Zing Forum

Reading

Quantitative Analysis of Hyperparameter Transfer in Large Model Training: The Critical Role of Embedding Layer Learning Rate

The study reveals that the advantages of Maximal Update Parameterization (μP) mainly come from the increase in the embedding layer learning rate, rather than complex parameterization theories. Through systematic ablation experiments, it is found that the embedding layer is a training bottleneck in standard parameterization.

大语言模型超参数迁移学习率嵌入层参数化AdamW
Published 2026-05-21 01:59Recent activity 2026-05-21 11:48Estimated read 7 min
Quantitative Analysis of Hyperparameter Transfer in Large Model Training: The Critical Role of Embedding Layer Learning Rate
1

Section 01

Core Guide to Hyperparameter Transfer Research for Large Models

This study focuses on the hyperparameter transfer problem in large model training. The core finding is: The advantages of Maximal Update Parameterization (μP) mainly come from the increase in the embedding layer learning rate, rather than complex parameterization theories. Through quantitative analysis and ablation experiments, it is revealed that the embedding layer is a training bottleneck in standard parameterization. This article will provide a detailed interpretation from aspects such as background, methods, experiments, and suggestions.

2

Section 02

Background: Demand for Hyperparameter Transfer in Large Model Training

Training a GPT-4-level large model is extremely costly (millions to tens of millions of dollars per run). Hyperparameter transfer has become a key strategy to reduce trial-and-error costs—searching for optimal hyperparameters in small-scale models and then extrapolating to large models. There are two main paths: 1. Fitting scaling laws to predict optimal values for large models; 2. Using parameterization designs (such as μP) to make hyperparameters approximately invariant across different scales. However, existing theories lack a sufficient explanation for the effectiveness of μP.

3

Section 03

Methods: Quantitative Evaluation Framework for Hyperparameter Transfer Quality

The study established a three-dimensional quantitative framework: 1. Scaling law fitting quality (measures the prediction accuracy of small-scale fitting rules for large models); 2. Extrapolation error robustness (evaluates the impact of small-scale errors on large model performance); 3. Parameterization asymptotic loss penalty (compares performance gaps between different parameterizations at the large-scale limit). These three together form a complete evaluation picture.

4

Section 04

Core Finding: The Embedding Layer is a Training Bottleneck in Standard Parameterization

The core advantage of μP over Standard Parameterization (SP) lies in increasing the embedding layer learning rate.

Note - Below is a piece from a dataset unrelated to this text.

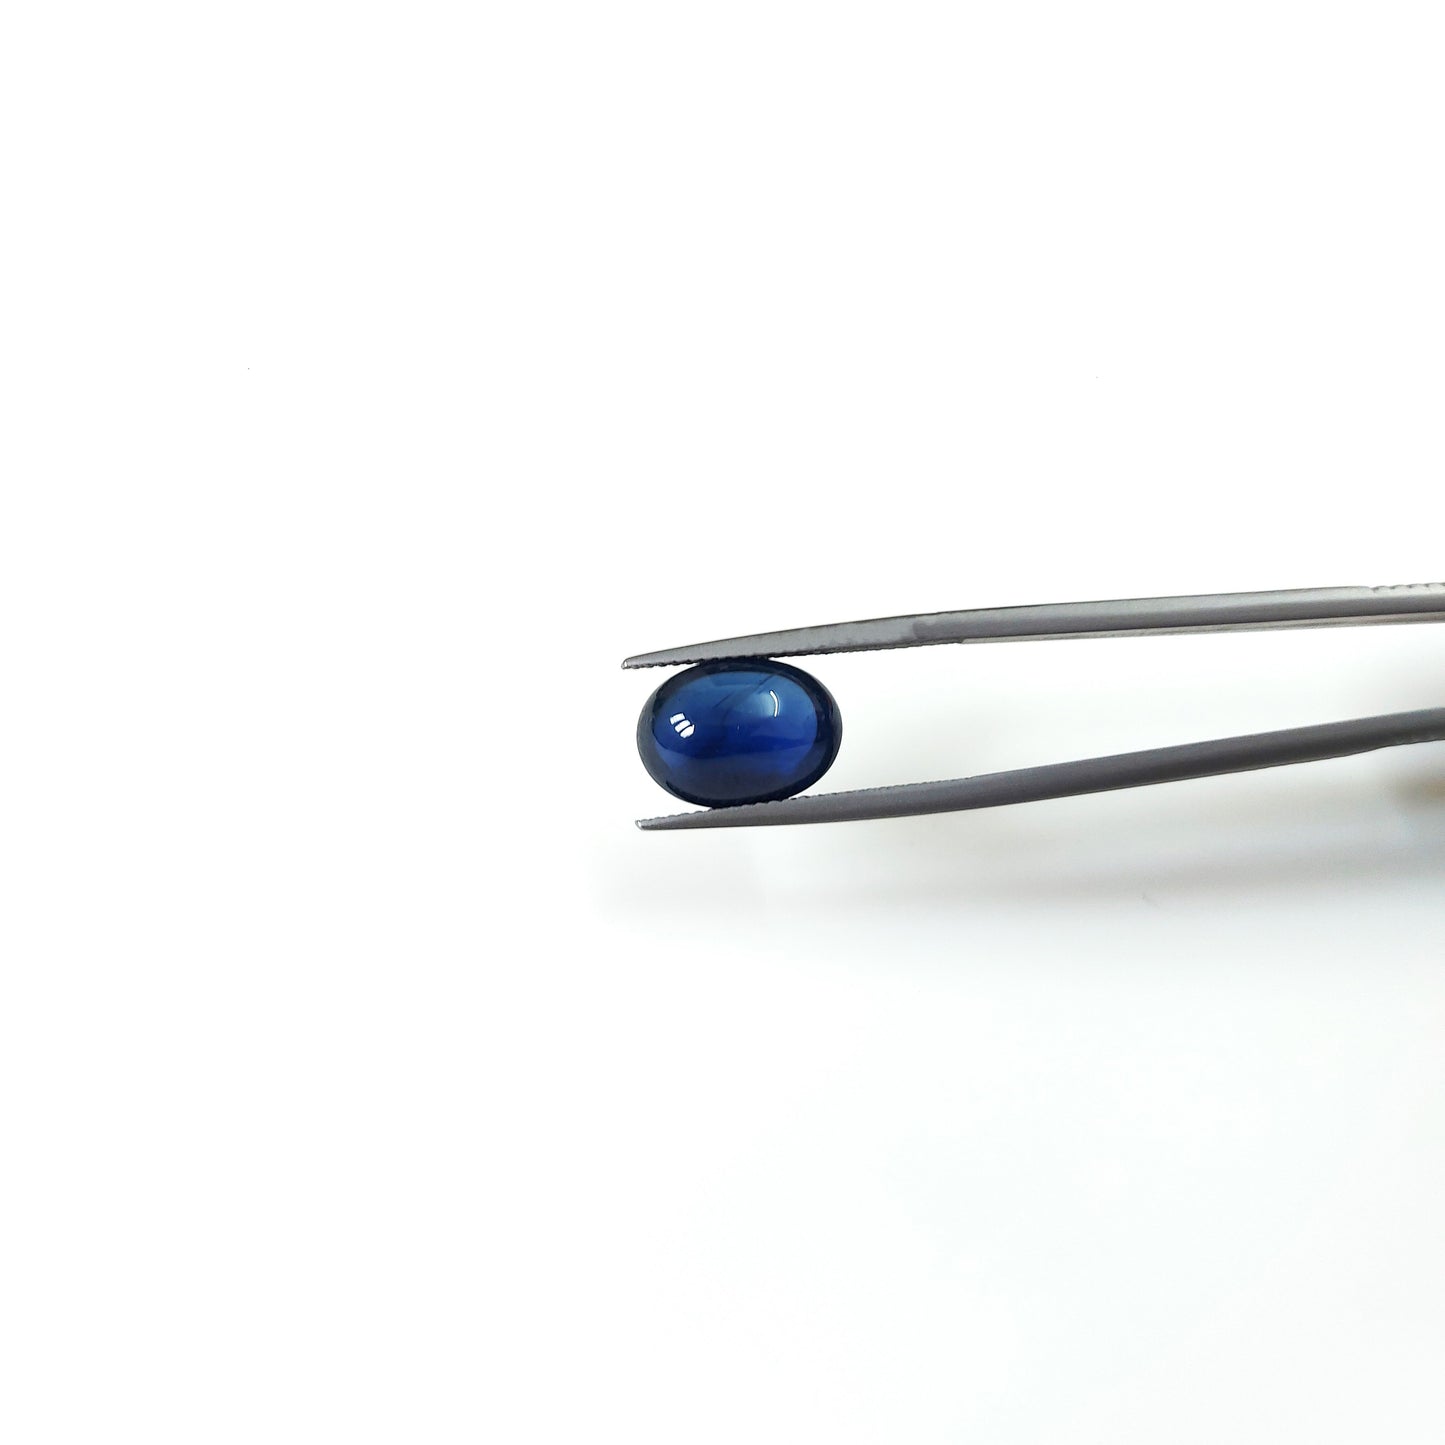 100% Natural Blue Sapphire Heated Cabochon Oval |  7.10cts

In SP, the embedding layer has a large number of parameters (proportional to vocabulary size and model dimension), leading to limited gradient updates, which causes problems such as unstable training, slow convergence, and hyperparameter sensitivity. μP removes this bottleneck by scaling the embedding layer learning rate by the model width (increasing by width times); simply increasing the embedding layer learning rate in SP to the μP level can significantly improve hyperparameter transfer effects.

5

Section 05

Analysis: The Dual Effects of Weight Decay

Weight Decay has dual effects: The positive effect is improving the fitting quality of scaling laws, making small-scale extrapolation more reliable; the negative effect is impairing extrapolation robustness under fixed token-per-parameter settings (small experimental errors are easily amplified). Practical training needs to balance between fitting quality and robustness.

6

Section 06

Experimental Verification: Key Experiments Support the Core Hypothesis

Verification through a series of ablation experiments found: 1. Embedding layer learning rate ablation: Adjusting the embedding layer learning rate alone in SP can achieve μP-like effects; 2. Component-level analysis: Identifying the embedding layer as a key component; 3. Scale extrapolation test: Extrapolating from small scale to large scale to verify transfer effects. The results strongly support the "embedding layer bottleneck" hypothesis.

7

Section 07

Practical Recommendations: Optimization Strategies for Large Model Training

Based on the research findings, four recommendations are proposed: 1. Prioritize the setting of the embedding layer learning rate; 2. Simplify μP implementation: Most benefits can be obtained by only increasing the embedding layer learning rate in SP; 3. Weight decay tuning: Adjust strategies according to training settings (fixed steps vs fixed token count); 4. Small experiment design: Ensure that the embedding layer behavior can represent large models to avoid extrapolation failure.

8

Section 08

Limitations, Future Directions, and Conclusion

Research limitations: Verified only on AdamW optimizer and Transformer architecture; applicability to other optimizers (such as Adam, SGD) and architectures (such as Mamba, RWKV) remains to be verified. Future directions: 1. Deep mathematical principles of the embedding layer bottleneck; 2. Similar bottlenecks in multimodal models (such as vision-language); 3. Dynamically adjusting the embedding layer learning rate during training. Conclusion: This study reveals the source of μP's advantages through detailed exploration, provides concise and effective guidance for large model training, and emphasizes that insights come from details rather than complex theories.